滋賀県には、「十一面観音像」があるお寺がたくさんある。そのどれもが琵琶湖に向っているそうだ。「観音様が琵琶湖を守っていてくださる」としてお参りをする人がたえない。


この「十一面観音像」のことを始めて知ったのは、井上靖の「星と祭」という本を読んだ時のことだ。もう30年以上も前、学生時代であった。日本で単行本を買って韓国に持って行き、一気に読んだ。ただ、それから随分日数が経ち、そのストーリーをあまり克明に覚えていない。


それでも、琵琶湖湖畔で、娘と息子を亡くした親同士が、供養のために琵琶湖周辺にある「十一面観音像」があるお寺に参るという話であり、亡くなった娘と父親との心の中の対話がとても切なく、感動的であったのを覚えている。


昔は、井上靖とか城山三郎、司馬遼太郎の小説をたくさん読んだものだが、最近はあまり時間が取れない。じっくり腰を落ち着けて、改めて井上靖の「楼蘭」や「風涛」、「天平の甍」、そしてこの「星の祭」を読んでみたいのだが、さて、いつになることやら。
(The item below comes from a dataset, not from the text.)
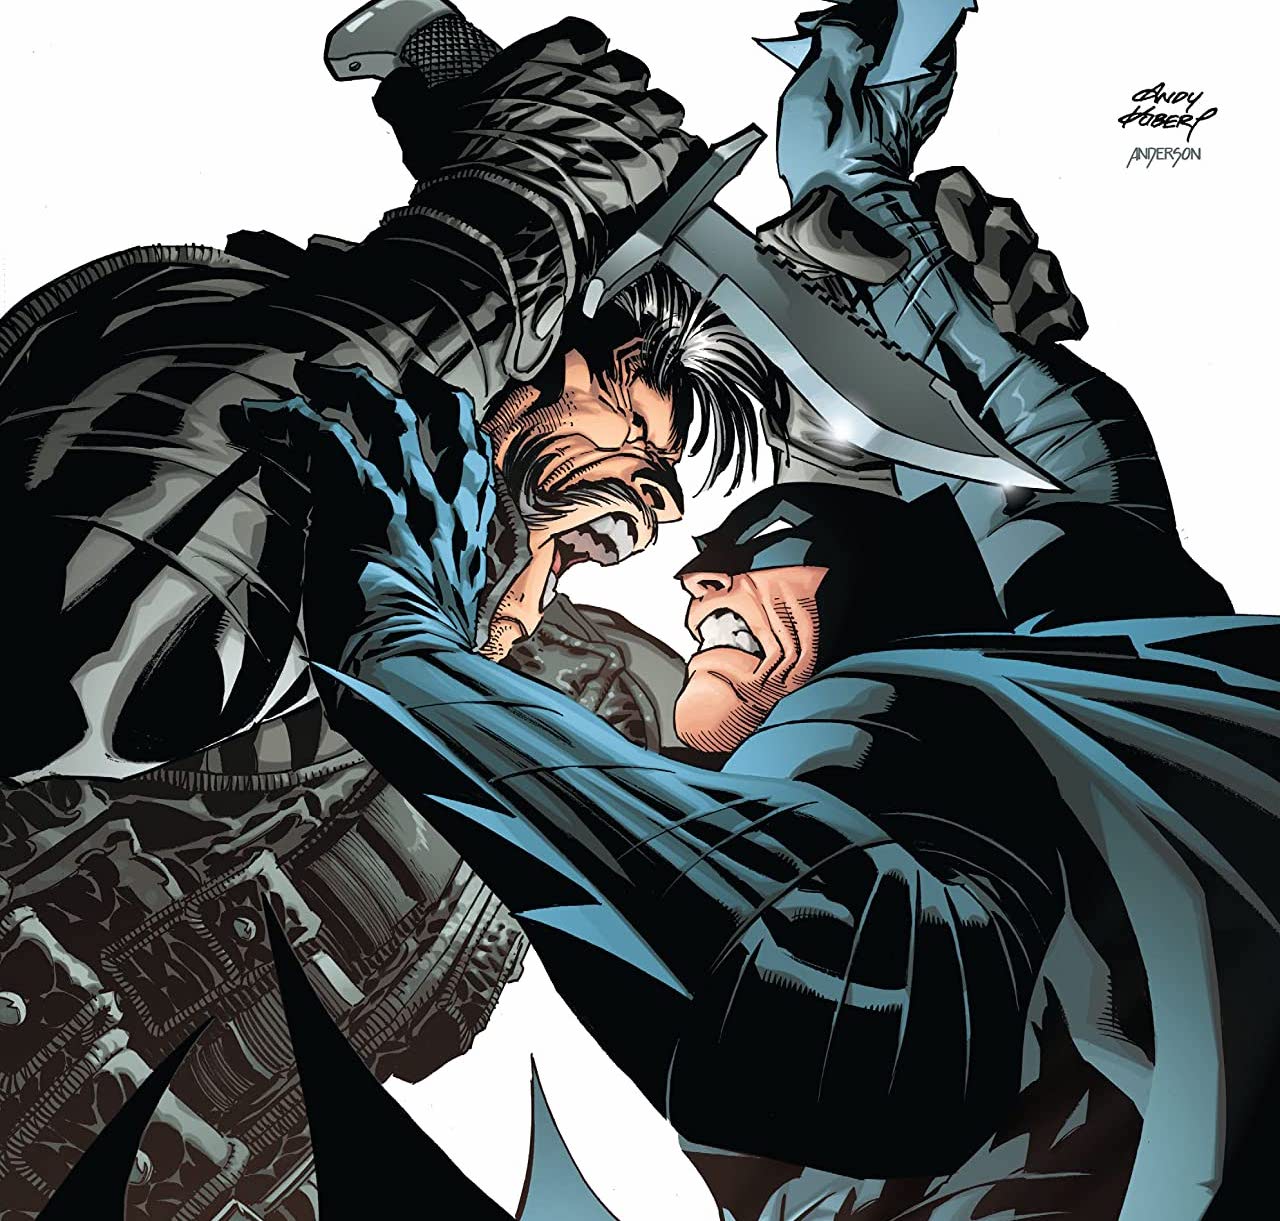 'Batman: The Detective' #3 reveals how Bruce Wayne learned manhunting

琵琶湖の「湖西の道」は、浜大津から高島の今津、マキノ辺りまでを言う。この道は、朝鮮半島の東海岸から船を出せば、山陰や北陸にたどり着き、そこから京都や奈良を目指すとなると必ず通る道なのである。従って、渡来人の文化や史跡が数多くの残されている。


白髭神社は「日本の中の朝鮮文化」の著者である金達寿によると、新羅(しらぎ:韓国語でシンラ)から来た渡来人によって作られたとしている。そんな新羅にゆかりのある神社がこの湖西にはたくさんあるそうだ。


戦国の城の石組みを施工したのは“穴太(あのう)衆”と呼ばれる技術集団であるが、浜大津からさほど遠くないところに“穴太”という地名があり、ここを出自としているが、彼らもまた渡来人の末裔と言われている。


司馬遼太郎によれば、それ以外にも数多くの渡来人が残した“作品”があるという。そのようなものを探しながら、或いは眺めながら、湖西の道を歩くというのもまた、“おつ”なものに違いない。


大津の北部に“和邇浜(わにはま)”という海水浴場があるが、そこから見える“蓬莱山”と琵琶湖のコンストラストの美しさもまた格別である。“蓬莱”という名称は、どうやら中国からきているらしい。そして、昔、この辺りを根城に居住していた和邇一族もまた、渡来人なのである。


湖西の道を、もう一度、「東アジアの友好の道」として再現していきたいものだ。